View attachment 130891

So you would need to a multi launch mission OR more likely you start with a smaller target. The size of everything scales pretty linearly to the asteroid mass because it is so large compared to spacecraft non-propellant mass. A 25t asteroid would likely be doable with a spacecraft that is 10t wet.

Later on if you want to go bigger you probably want some combination of a reusable rock hauler with fuel in standardized drop tanks. The hauler endlessly cycles between L2 and a target rock and back. Then you launch multiple fuel tanks with a disposable insertion engine to dock with your rock tug in L2 after each rock delivery. Even the big version is mostly prop. So having 10t prop tanks with hypergolic insertion motor that carry say 8t of prop each means you could refuel the big rock hauler with thee launches or four launches of prop for each rock.

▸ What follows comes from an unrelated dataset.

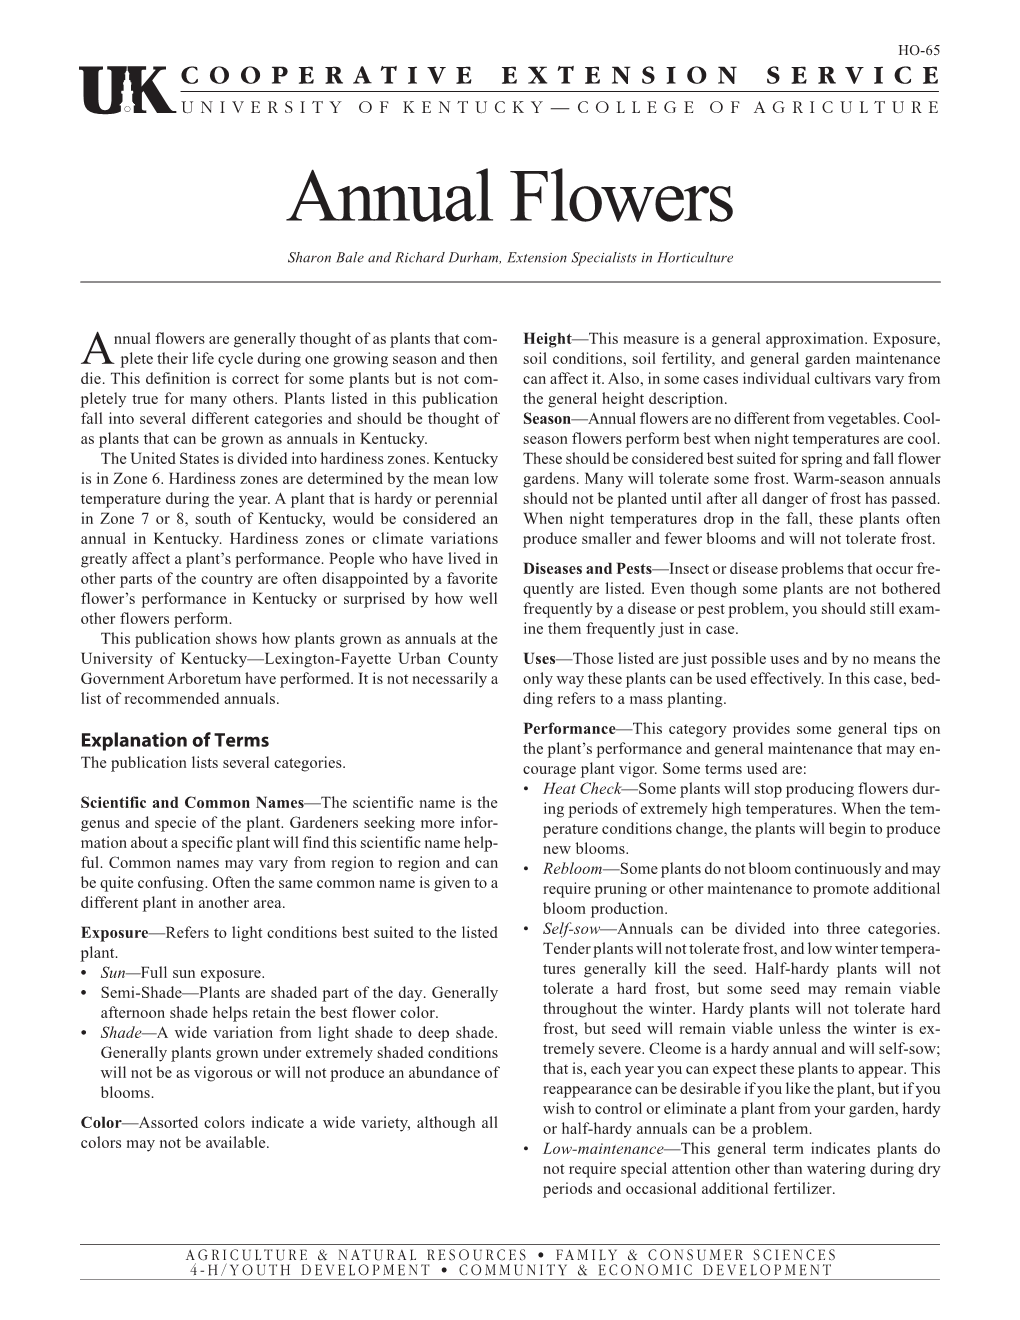 Annual Flowers HO-65

Much later on you might be able to use SpaceX & BO lunar tugs to haul stuff up to L2 for cheaper than a launch directly there and end up with less disposable bits. You end up with some 100t xenon prop depot in L2 orbit and rock haulers refuel off that. Now you can have multiple rock haulers, everything reusable, and refueling missions don't have to line up with the haulers return.

This is very very back of napkin but it puts you in the ballpark.

On edit: originally computed to LEO not C3. Fixed. Said L1 not L2. Fixed.
Could you use solar energy to ionise some of the rock itself as propellant?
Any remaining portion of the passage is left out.